Western Cape Telematics programme being implemented in other provinces

Minister of Education Donald Grant

Western Cape Government

I am very pleased that the WCED’s telematics programme is being expanded in the Western Cape, as well as, being implemented in two other provinces by their education departments.

In 2009, the Western Cape Education Department introduced a telematics pilot project in 10 schools to help assist learners in improving academic performance after school hours.

The Interactive Telematics Teaching Programme is a collaborative project between the WCED and the Division of Telematic Services at Stellenbosch University.The programme consists of live televised broadcasts of lessons by expert teachers via satellite to schools from a studio at Stellenbosch University.

Broadcast subjects include Mathematics, Physical Sciences, Life Sciences, Accounting, English First Additional Language, Afrikaans Home Language and Geography. The programme also allows learners to interact with the presenter in the studio through the Internet or a cellphone. They can also pose questions to the presenter after the broadcasts.

Since the success of the pilot in 2009, the programme has continued to expand year on year in the Western Cape. Today, a total of 146 schools across the province receive the broadcasts.

Initially, the programme was targeted to support Grade 12 learners in underperforming schools and schools that needed additional support. This was then expanded to include tuition for Grade 11 learners. In 2013, the Telematics programme was further expanded to Grade 10 in order to support the WCED’s Maths and Science strategy.

I am excited that in 2014 we will be piloting this service in our primary schools. 10 Primary schools will be selected to pilot lessons that aim to improve Language and Maths performance of Grade 6 learners.

So far, the evidence shows that the telematics programme has supported other strategies to help improve performance levels in Grade 12.

A recent analysis of the schools participating in the telematics programme indicates that the NSC pass rate of schools taking part grew from 60.37% in 2010 to 72.49% in 2012. The number of candidates at Telematics schools passing matric with access to Bachelor degree studies increased from 2 499 to 3 506 over these three years, representing an increase from 12.53% to 18.96%.

In 2010, 76 schools in the programme were classified as underperforming (A pass rate of less than 60%). In 2012 only 19 schools achieved less than 60%.

In Mathematics and Physical Science, the number of candidates passing with more than 60% increased from 178 to 285 for Mathematics and 203 to 277 for Physical Sciences.

These improved results must, however, not be seen in isolation as the telematics programmes introduced in schools are re-enforcing and complementing existing strategies that are currently being implemented in our schools, such as the Grade 12 improvement programme, the Maths and Science Strategy and the Language and Maths strategy in Primary schools. This obviously includes the provision of textbooks, exemplar exam papers and other support by the WCED.
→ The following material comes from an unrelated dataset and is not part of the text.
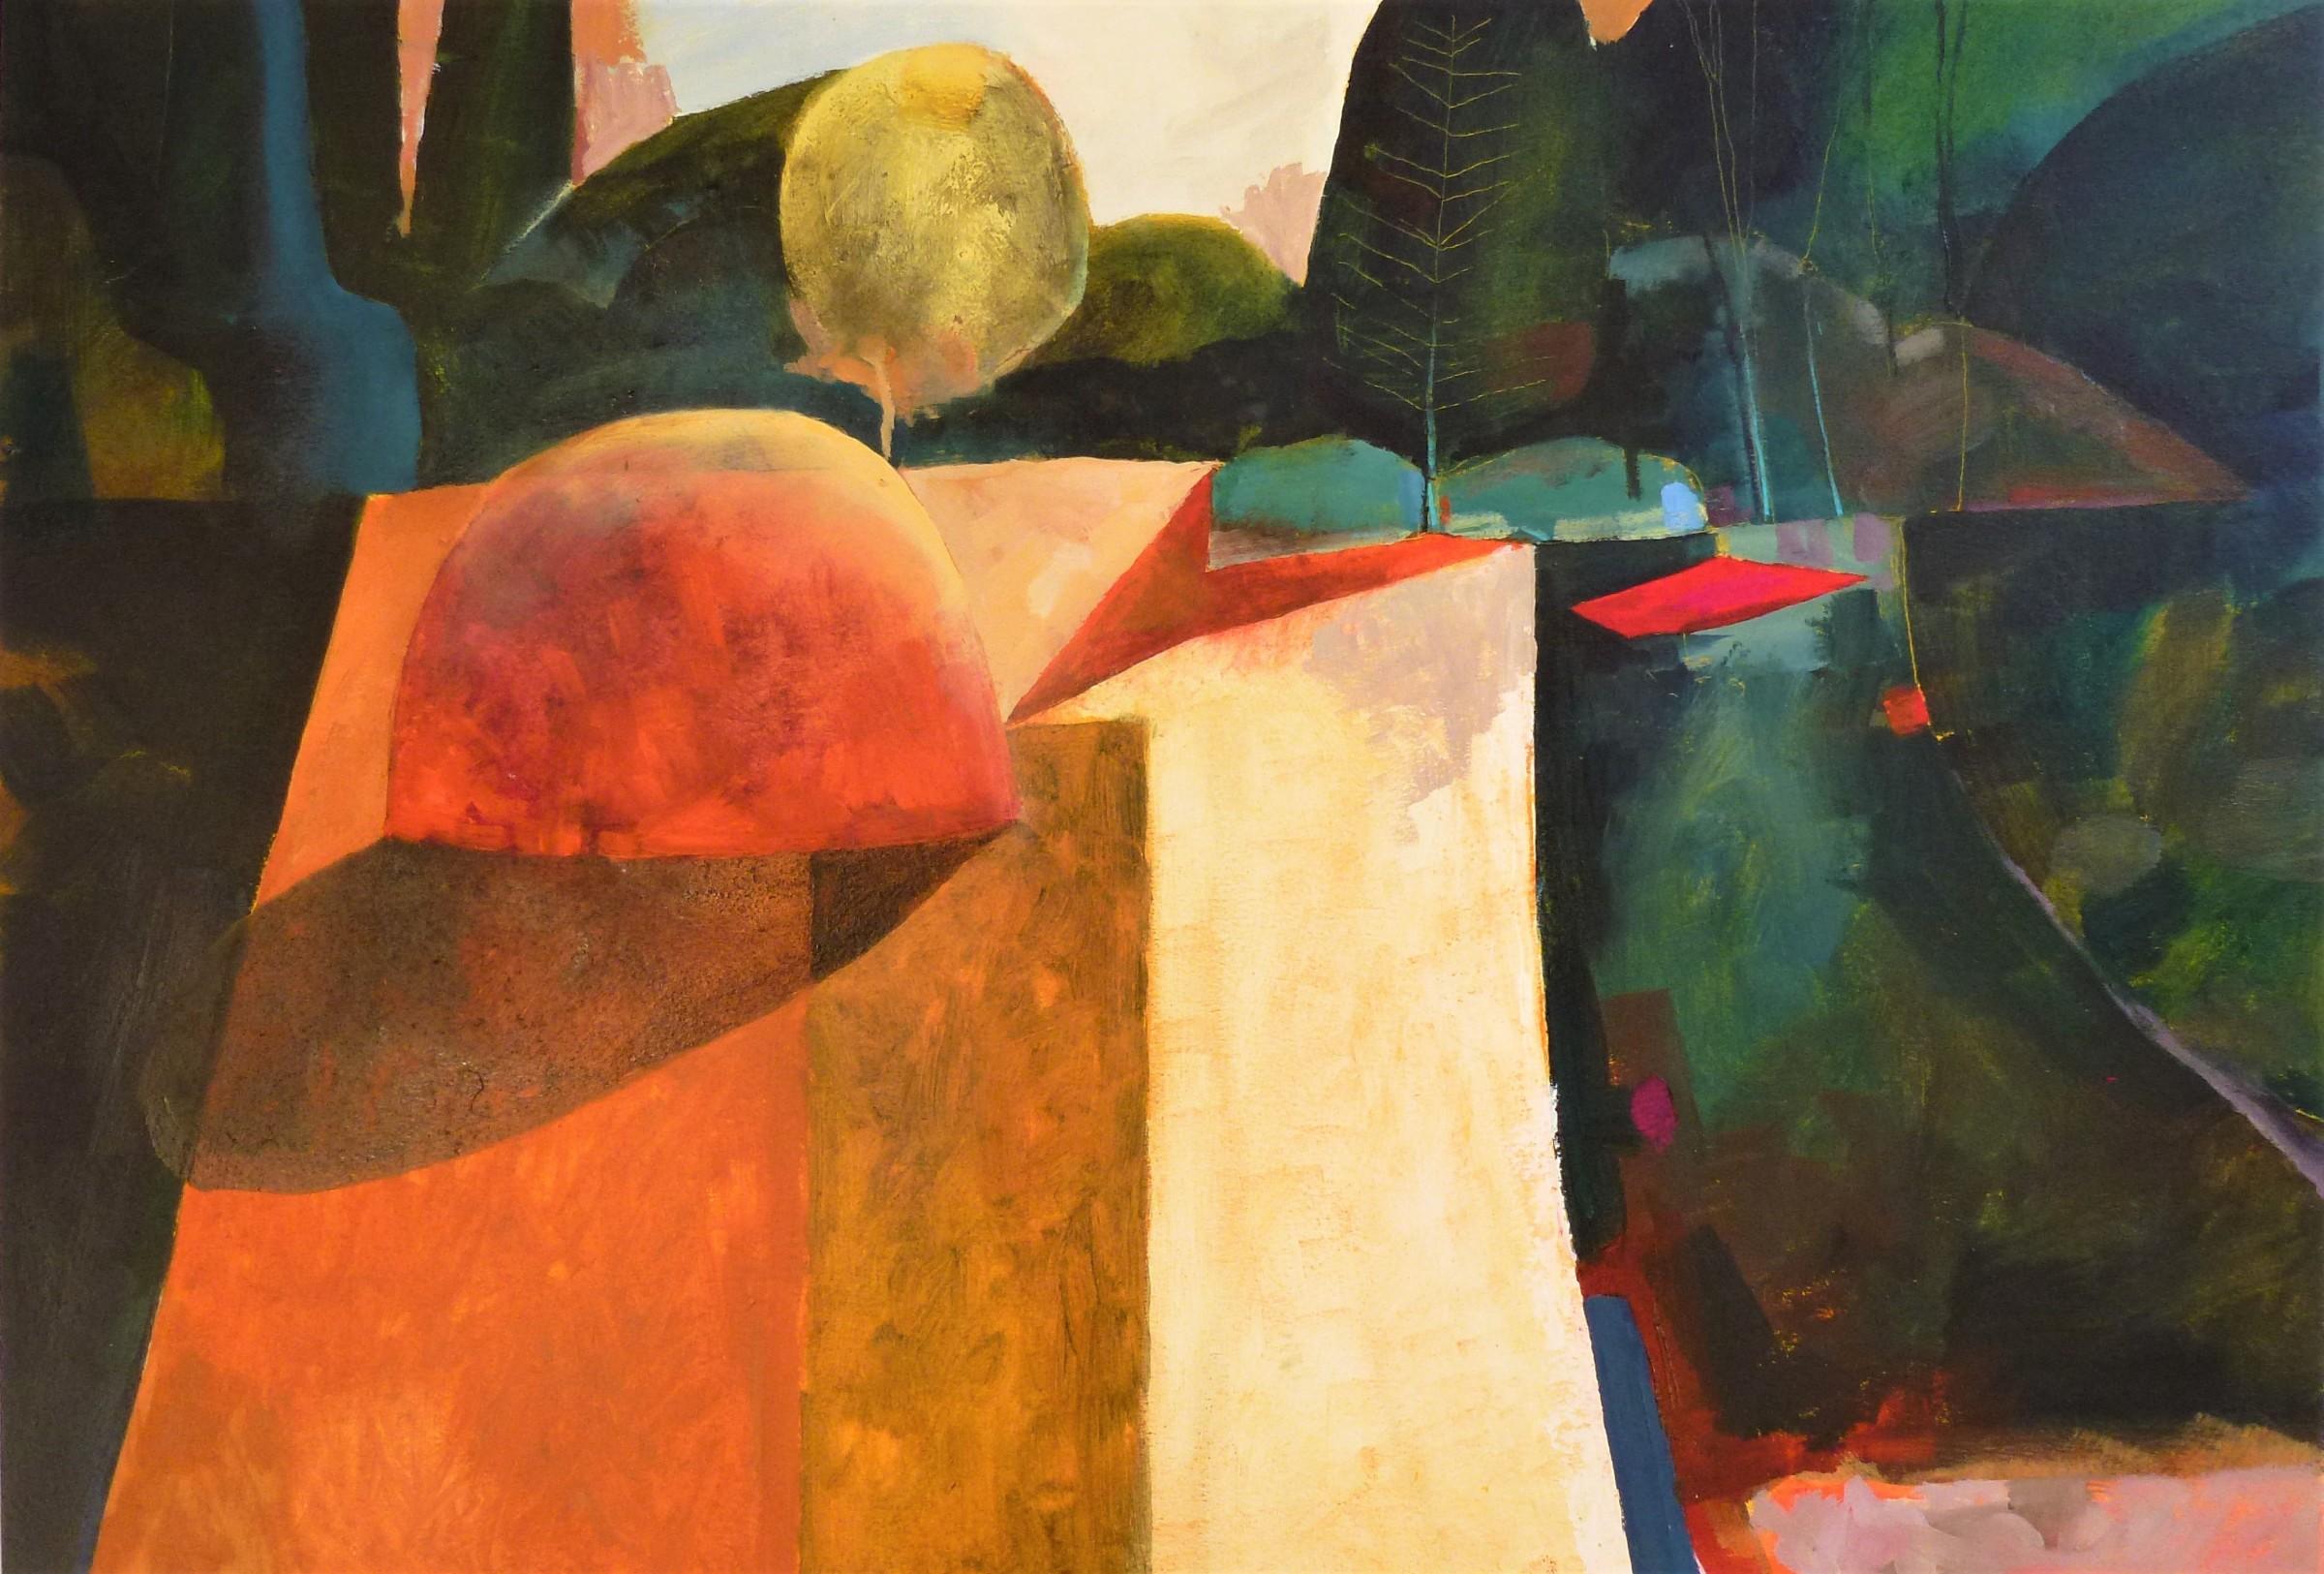 "<span class=""link fancybox-details-link""><a href=""/artists/315-claire-denny/works/12505-claire-denny-evening-garden/"">View Detail Page</a></span><div class=""artist""><span class=""artist""><strong>Claire Denny</strong></span></div><div class=""title""><em>Evening Garden</em></div><div class=""medium"">oil on sized paper</div><div class=""dimensions"">Artwork: 59 x 40cm</div><div class=""price"">£520.00</div>"

I am delighted that other Provinces have recognised the programme’s success. In February 2012, representatives of the WCED and the University of Stellenbosch’s Telematics Department were invited to address management officials of the Northern Cape Education Department to share best practice on the telematics project in the Western Cape.
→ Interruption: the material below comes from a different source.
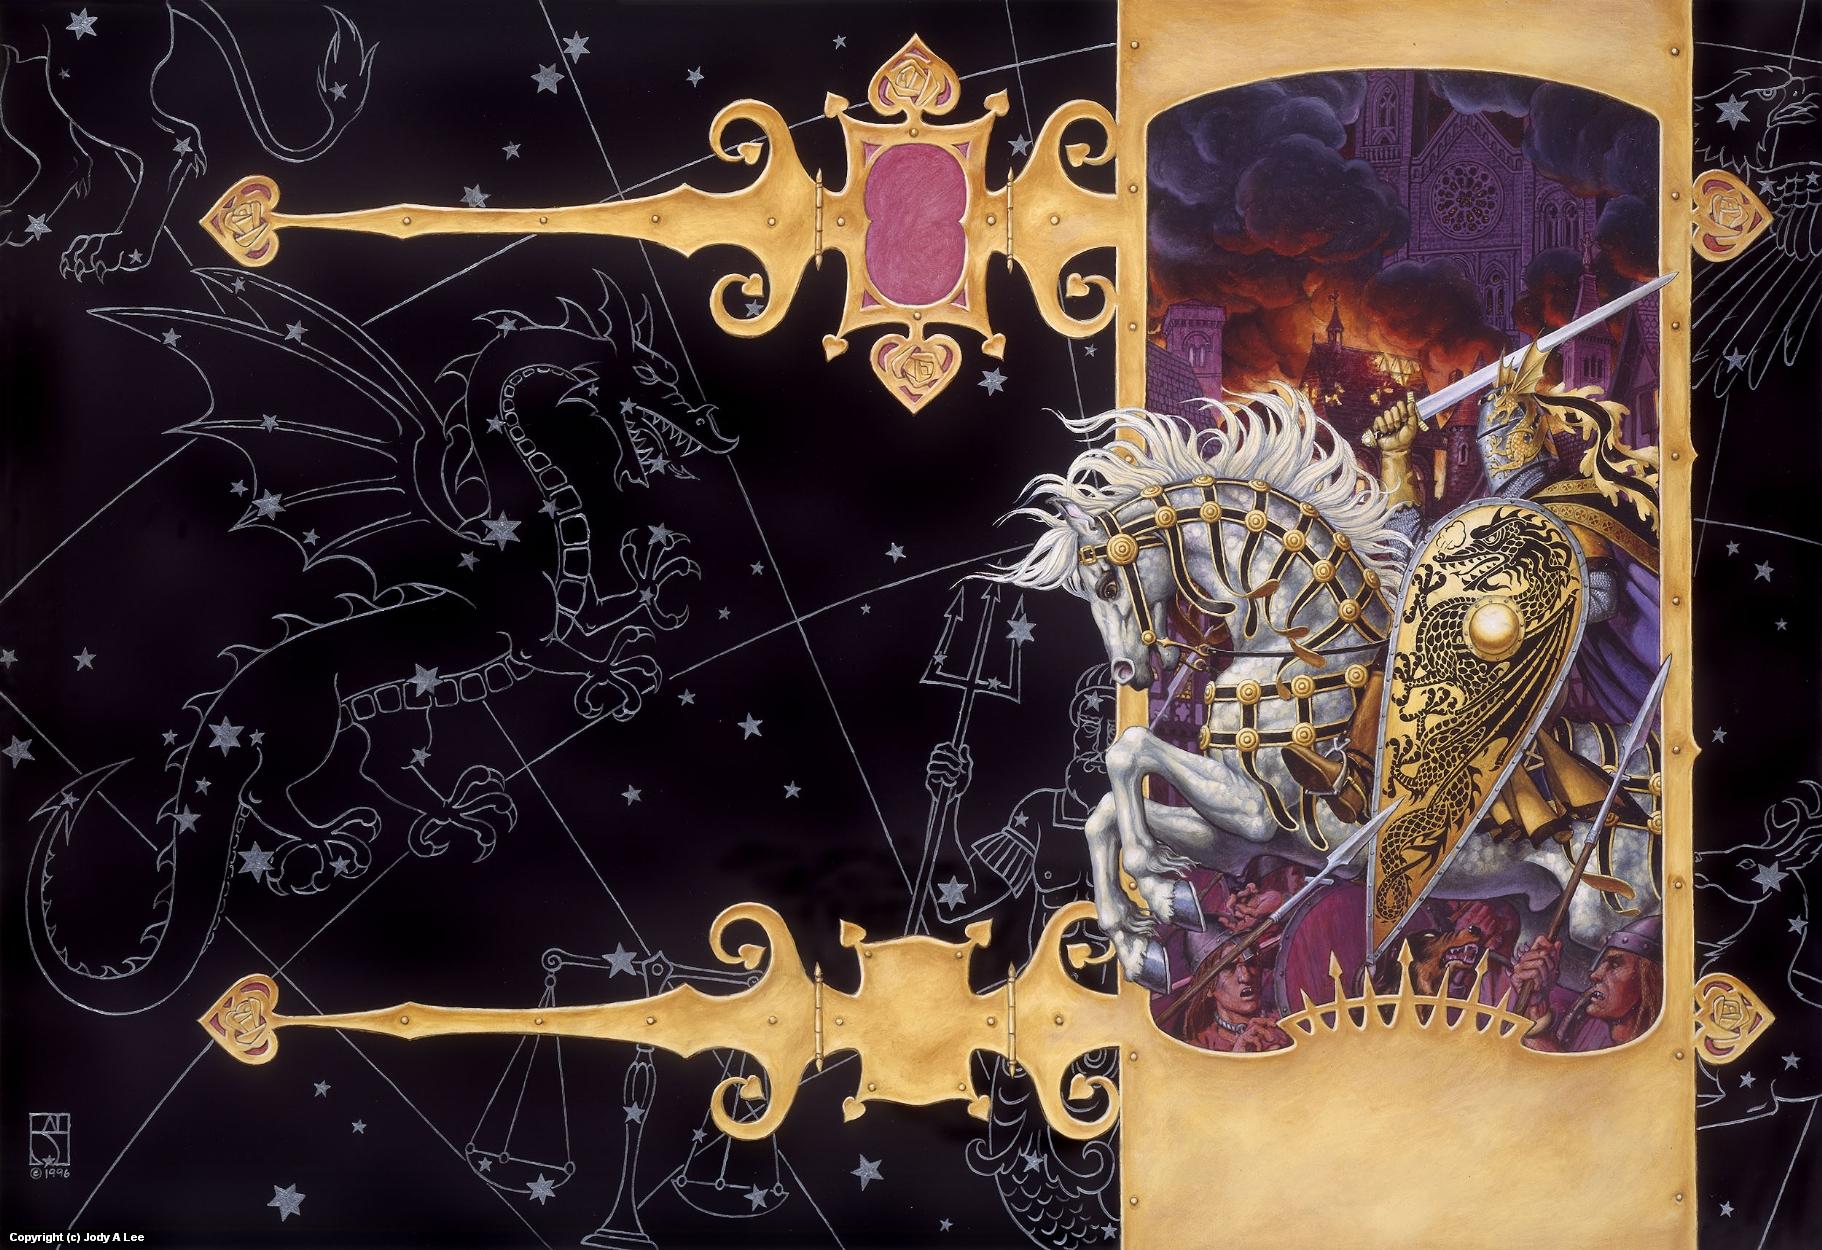 King's Dragon Artwork by Jody Lee

Following numerous discussions and a visit by representatives from the Northern Cape, the Northern Cape Education Department decided to implement the project in a selection of schools. Today, 76 schools in the Northern Cape are participating in the programme.

The programme was then also recently introduced on a lesser scale in the Free State. Four schools are participating in the programme.

The 80 schools in the two provinces are beamed lessons from the Stellenbosch studio using lead teachers from the Western Cape.

The WCED is also providing the schools in the Northern Cape and Free State with electronic copies of the lessons for them to print for their learners, and DVDs are available to purchase form EDUMEDIA.

I am excited to have witnessed the growth of this programme in our schools and into the other provinces.

I am also pleased how the programme complements other strategies that ultimately aim to improve learner performance in the Western Cape.